Foi o caso dos bispos católicos moçambicanos, angolanos e de São Tomé e Príncipe. Se em Maputo a Conferência Episcopal de Moçambique anunciou ter decidido “não se dê bênção” às “uniões irregulares e uniões do mesmo sexo”, em Luanda os bispos de Angola e São Tomé manifestaram mesmo “perplexidade” com as bênçãos a “casais irregulares”, determinando que não sejam realizadas nestes países porque “criariam um enorme escândalo e confusão entre os fiéis”.

Em Cabo Verde, enquanto se aguarda por uma nota conjunta das duas dioceses do arquipélago, o bispo Ildo Fortes adiantou que ambas acompanham a posição do papa Francisco, baseados no princípio da misericórdia. E procurou explicar, deixando ao mesmo tempo claro que não se trata de uma aprovação: “Até para sair do caminho errado onde possam estar, até para quem está no pecado, é preciso uma bênção, uma luz”, afirmou, lançando uma pergunta: “Se nós abençoamos os campos, os animais, porque é que não havemos de abençoar as pessoas?”.

A posição assumida pelo papa em 18 de dezembro último no “Fiducia Supplicans”, o texto publicado pela Congregação para a Doutrina da Fé, que propõe a bênção da Igreja aos casais considerados “irregulares”, incluindo os casais do mesmo sexo, mereceu dos bispos africanos um distanciamento expresso formal, autorizado por Francisco, em que explicaram que a “doutrina da Igreja sobre o casamento cristão e a homossexualidade” se mantém inalterada, e que não consideravam “apropriada” a bênção proposta por Roma.

“Dentro da família da Igreja de Deus em África, a declaração causou uma onda de choque, semeou equívocos e inquietação nas mentes de muitos fiéis leigos, pessoas consagradas e até mesmo pastores, e suscitou fortes reações”, fez saber o Simpósio das Conferências Episcopais Nacionais Africanas em janeiro.

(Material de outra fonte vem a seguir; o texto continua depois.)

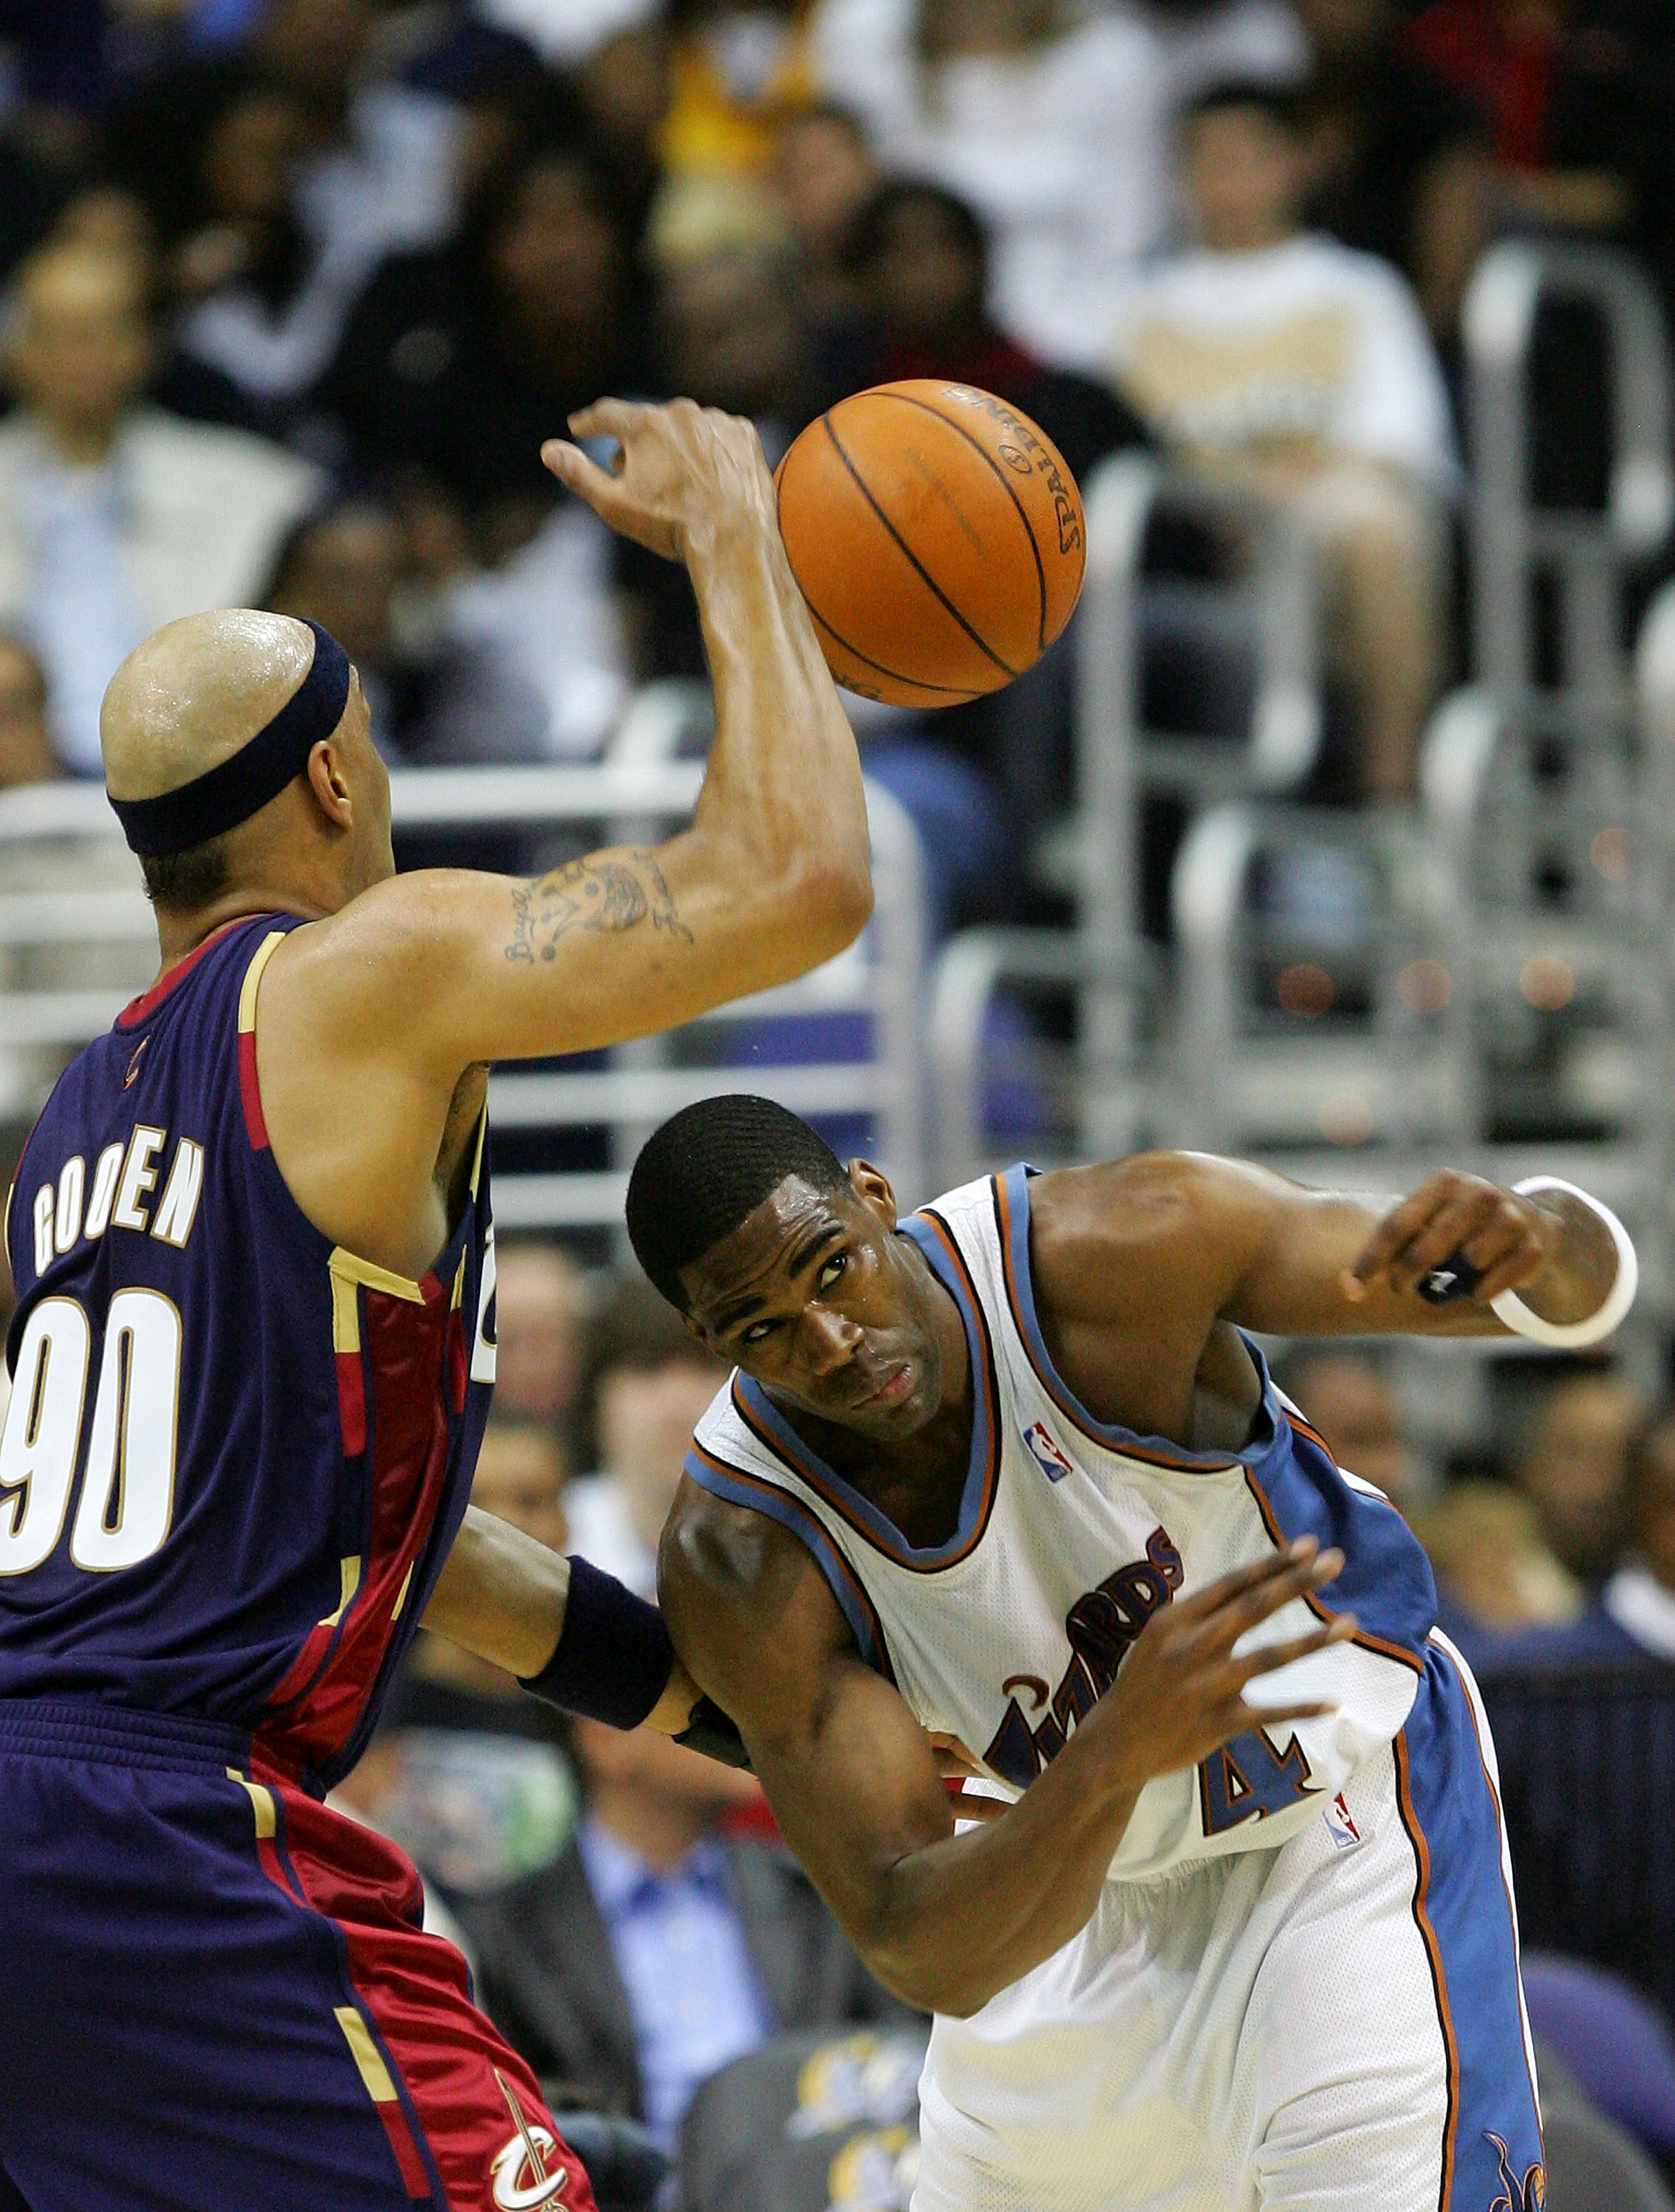 Bleacher Report on X: If NBA stars had Dennis Rodman-style hair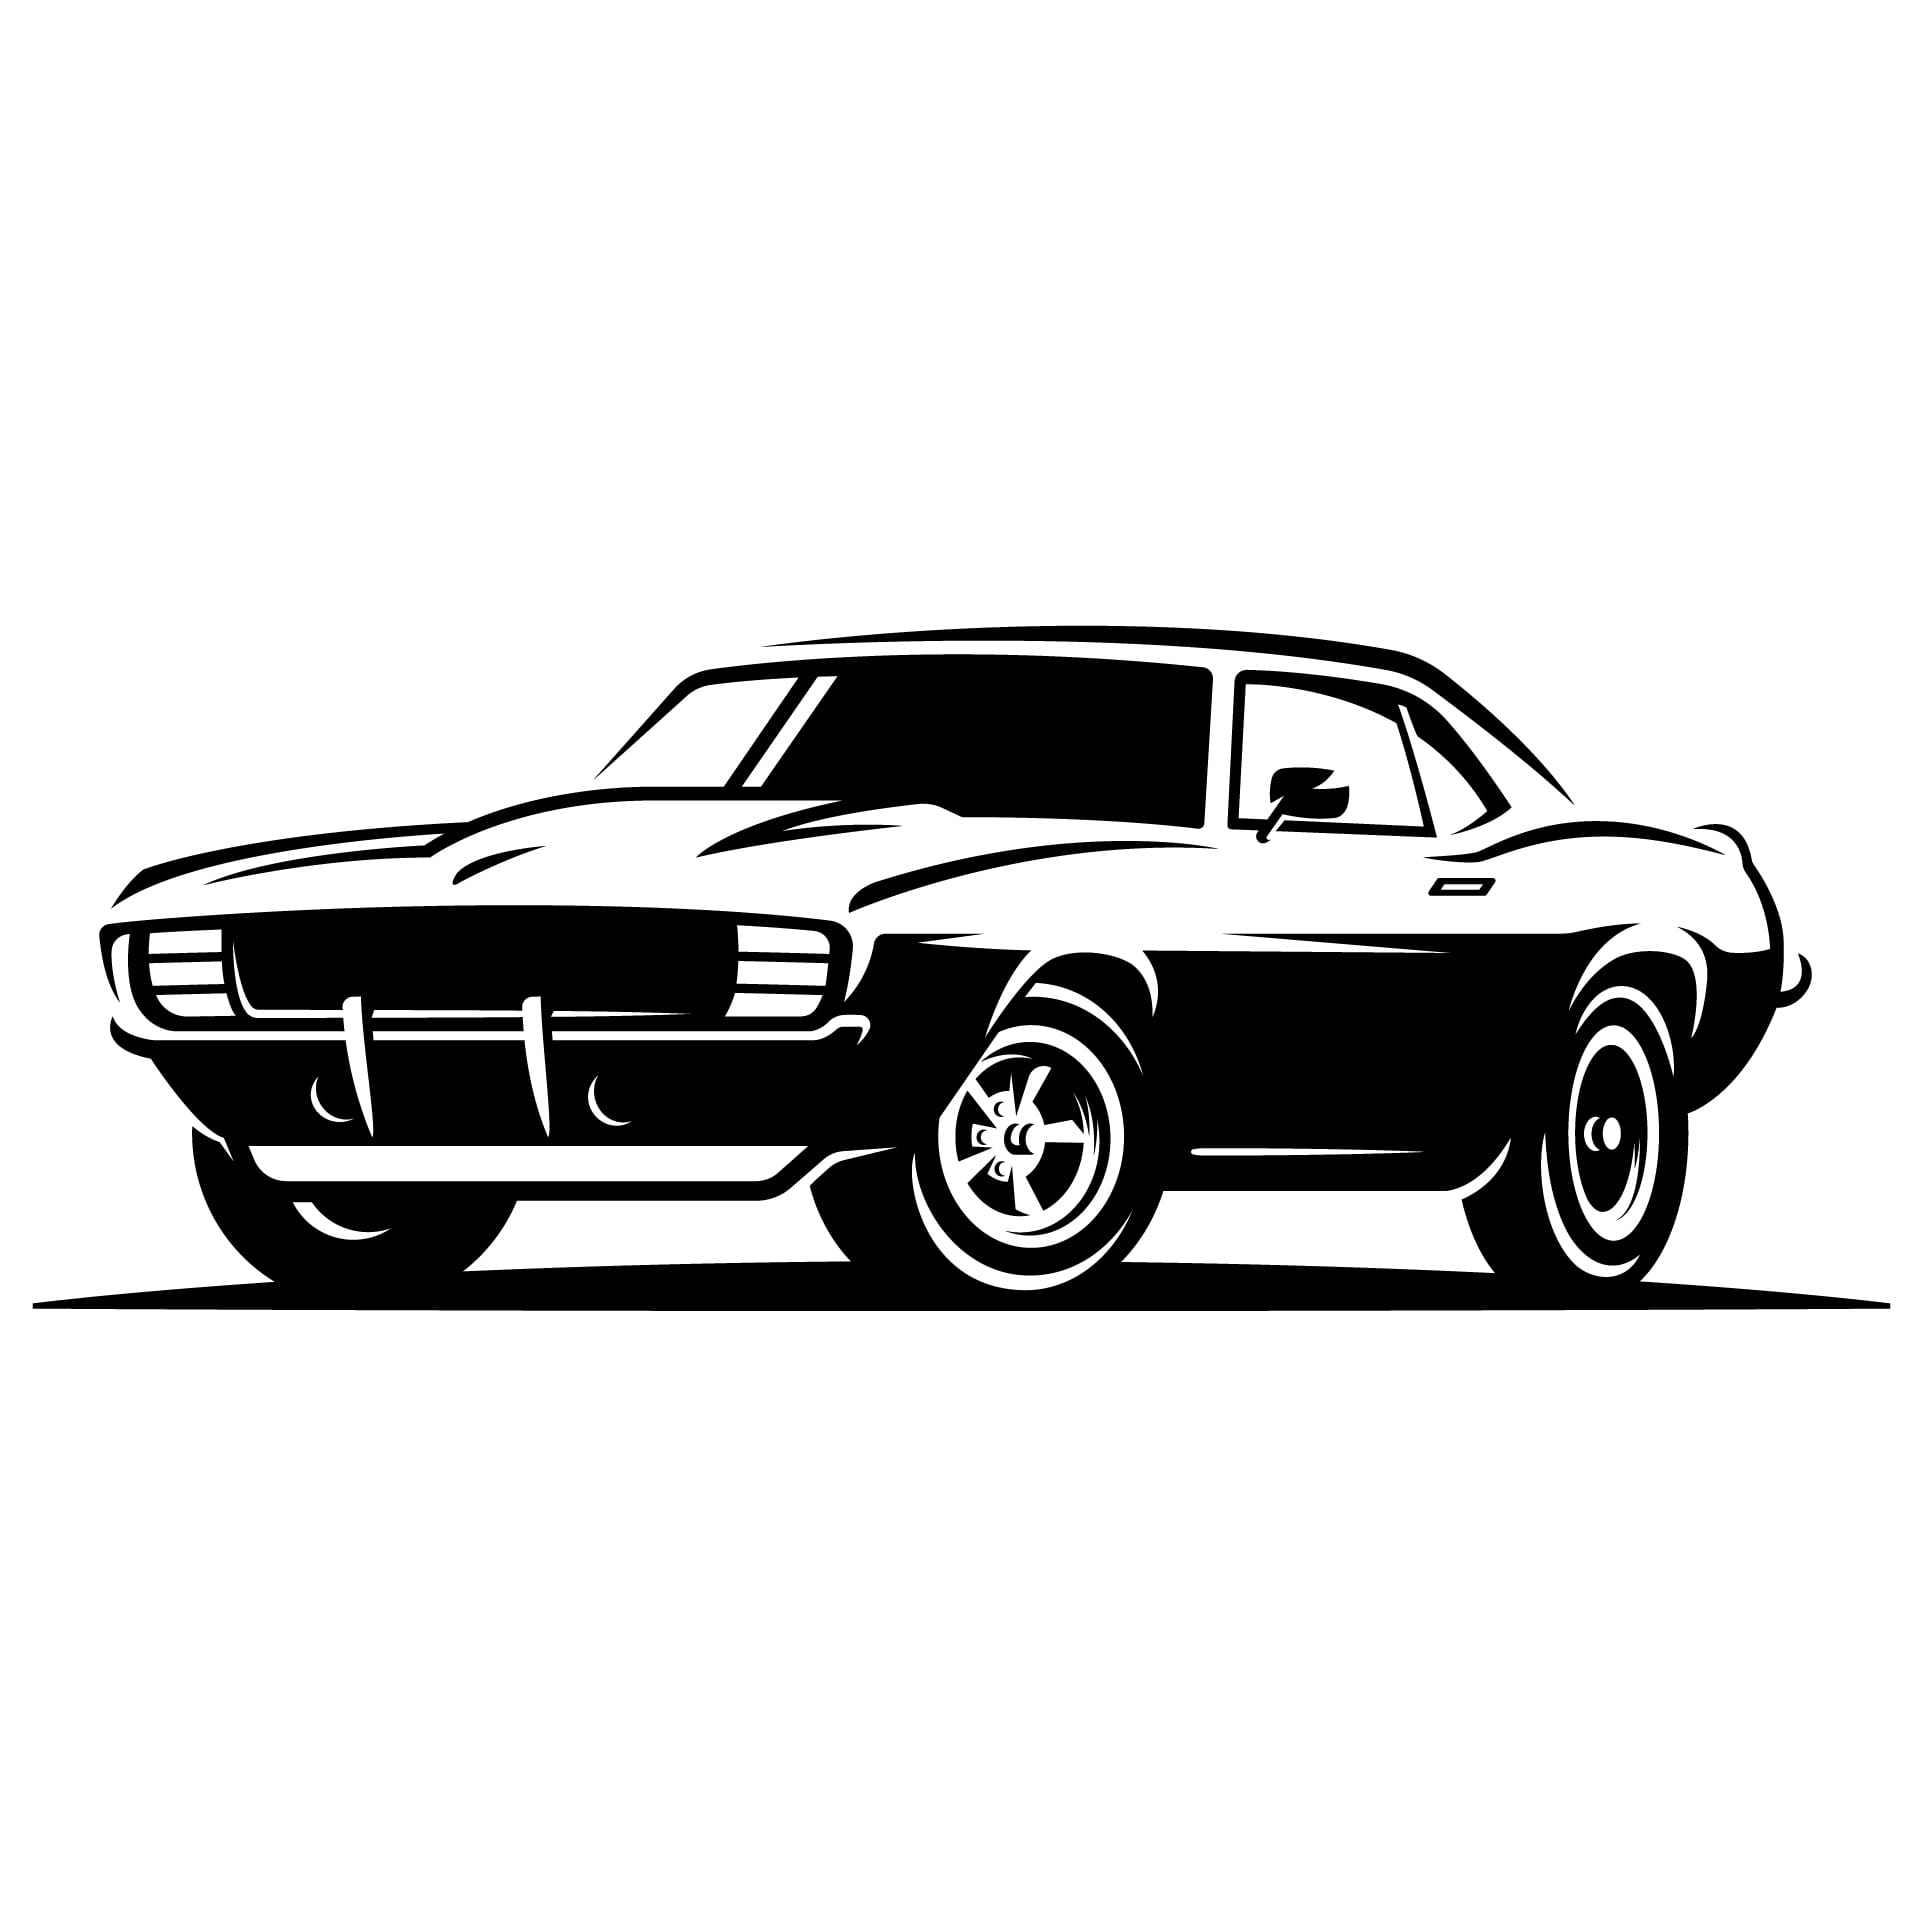 Car profile picture muscle car illustrations excellent image

Tais bênçãos – segundo o mesmo texto, assinado pelo cardeal congolês Fridolin Ambongo, arcebispo de Kinshasa, em nome do simpósio – não podem ser realizadas porque “no contexto [africano], isso causaria confusão e estaria em contradição direta com o ‘ethos’ cultural das comunidades africanas”.

Segundo Ambongo, a declaração do simpósio constituiu “resumo consolidado” das posições adotadas por cada uma das conferências episcopais africanas, e recebeu o “acordo” do papa, assim como do responsável pelo gabinete de doutrina do Vaticano, o cardeal Victor Manuel Fernández.

Com efeito, duas semanas depois do simpósio, o papa Francisco reconheceu a excecionalidade africana, alegada pelos seus prelados, admitindo em entrevista com o diário italiano La Stampa que África é “especial” no que diz respeito às bênçãos extra litúrgicas propostas para casais do mesmo sexo.

“A homossexualidade é algo ‘feio’ do ponto de vista cultural” para os africanos, disse o sumo pontífice, que admitiu uma resistência particular em África à bênção de casais do mesmo sexo, por questões culturais, mas disse confiar que, “pouco a pouco”, todos se apercebam da importância da inclusão e não resulte num cisma.

O exemplo mais vivo da fealdade referida por Francisco veio do Burundi, cujo Presidente, Evariste Ndayishimiye, sugeriu a erradicação dessa “maldição” por “apedrejamento” dos seus praticantes.

“Se querem atrair uma maldição para o país, aceitem a homossexualidade”, disse Ndayishimiye aos jornalistas duas semanas depois da publicação do “Fiducia Supplicans”.

“Penso mesmo que estas pessoas, se as encontrarmos no Burundi, é melhor levá-las a um estádio e apedrejá-las. E isso não pode ser um pecado”, disse Ndayishimiye, descrevendo a homossexualidade como importada do Ocidente.

Esta semana, ainda que sem qualquer referência geográfica, cultural ou pessoal, o papa insistiu no tema, depois de várias tentativas para distinguir as bençãos sacramentais da benção extra-litúrgica.

“Ninguém se escandaliza se eu der a minha bênção a um homem de negócios que talvez explore as pessoas, e isso é um pecado muito grave. Mas escandalizam-se se eu as der a um homossexual”, disse Francisco à revista católica italiana Credere. “Isto é hipocrisia”, acrescentou.